Material for the task:
::::::::

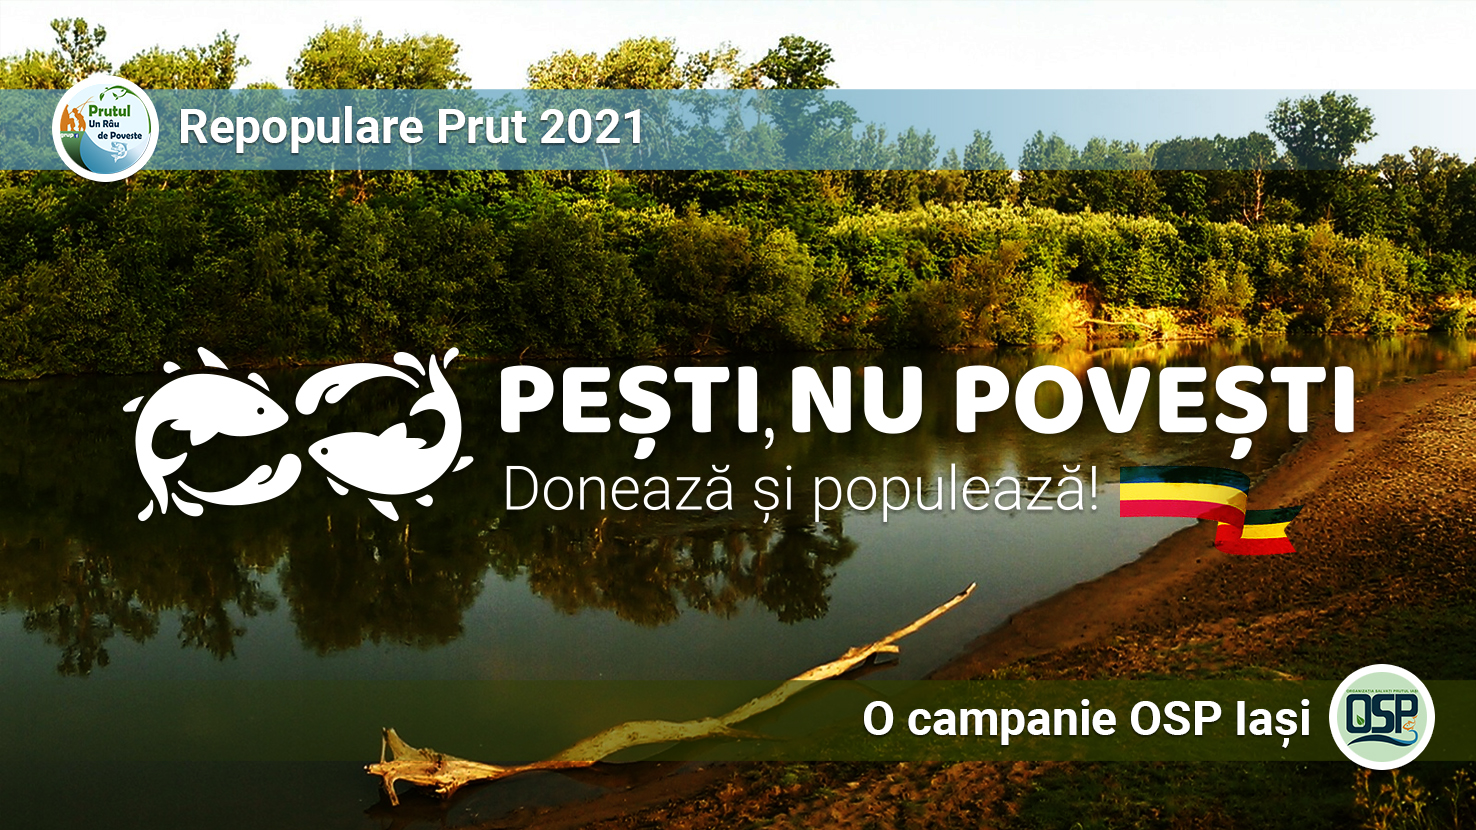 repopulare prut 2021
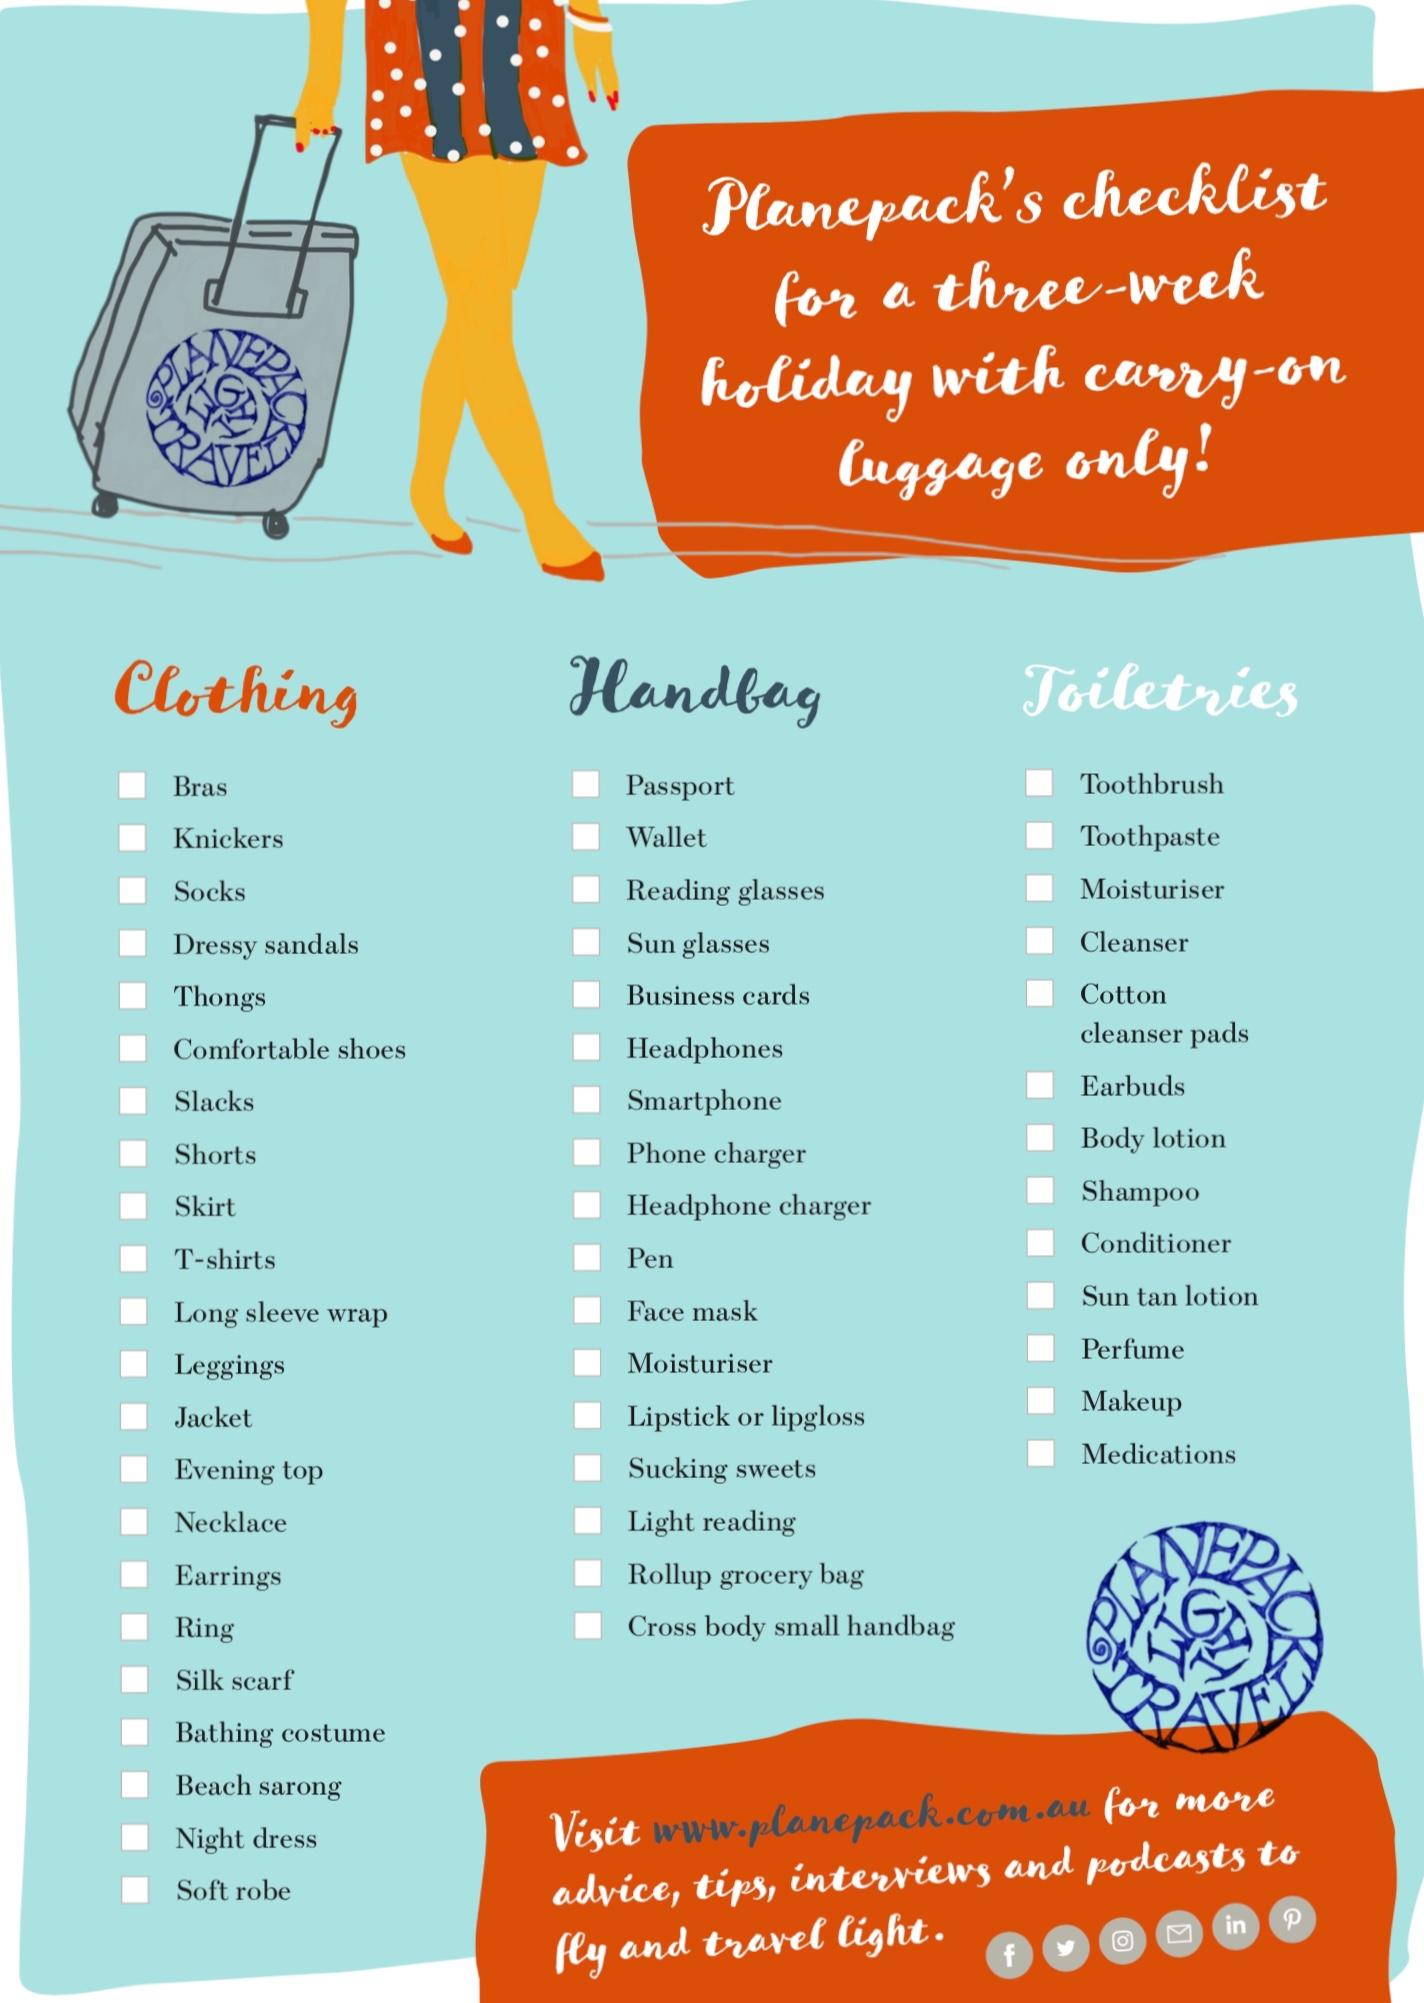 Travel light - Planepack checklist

::::::::

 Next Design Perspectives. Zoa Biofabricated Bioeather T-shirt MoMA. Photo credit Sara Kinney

::::::::

Task details: In the listing above, the required lines run from the line with "repopulare prut 2021" through the line with "Travel light - Planepack checklist". Output exactly those lines, omitting pictures.

Output of the exercise:
 repopulare prut 2021
 Travel light - Planepack checklist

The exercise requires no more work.